The crucial point in time when you ask yourself if you might be a baddie.

------
nostrademons
It always strikes me as incongruous when the government or military says
"We're going to be the leaders in the Internet/AI/drones/cyberwarfare",
because these are all technologies that eliminate the raison d'etre for the
nation state as a social organizing principle.

Historically, the modern nation state arose during the 19th century from a
confluence of factors. Taking advantage of new industrial methods of
production required larger, more specialized workforces; this implied greater
population and larger political units. Longer supply chains also required
territorial integrity, so that the nation could ensure that its means of
production remained intact without physical attacks from foreign powers. These
bigger nations required more social control via propaganda and extensive legal
& security systems, but the emerging technologies of mass communications &
mass media enabled this. The armored war machines built by these industrial
supply chains dominated everything else on the battlefield, so non-
industrialized empires and kingdoms fell to industrialized nation-states.

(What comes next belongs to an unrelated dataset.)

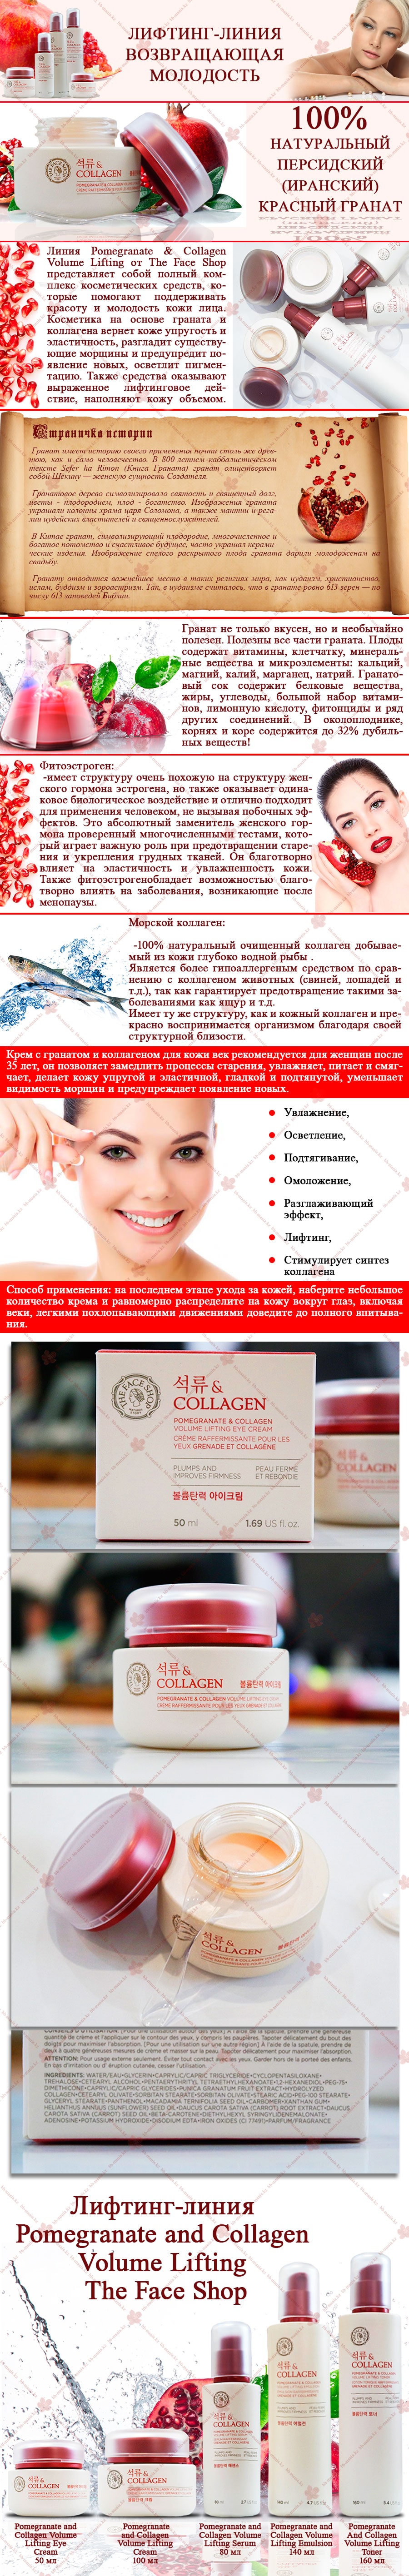 Pomegranate-and-Collagen-Volume-Lifting-Eye-Cream-[The-Face-Shop]-min

Now supply chains are global and span trans-national boundaries; attempts to
enforce national boundaries on these destroy industrial capacity rather than
protect it. The Internet provides free information flow _across_ national
boundaries. Drones and robots give the military advantage back to small groups
of technologically advanced individuals. AI and huge personnel databases allow
you to instantly tell friend from foe regardless of geography, eliminating one
of the key advantages of territorial integrity (which would likely be
reestablished on a smaller scale afterwards). Cryptocurrencies undermine the
government's power to tax and track finances, with the latter ability granted
instead to anyone with a lot of computer power and knowledge.

Governments aren't sabre-rattling because we're on the verge of Cold War 2.0,
they're sabre-rattling because they're insecure. Not just _a_ government or
_the_ government - _all_ governments. The next war will likely look more like
Syria than the Cold War, with a confused jumble of non-national organizations
all jockeying for power, and the social organization that comes after that
will likely be a form of corporate feudalism a la _Snow Crash_. Google's on
its own side in that organizational structure, because all the existing sides
will be defunct.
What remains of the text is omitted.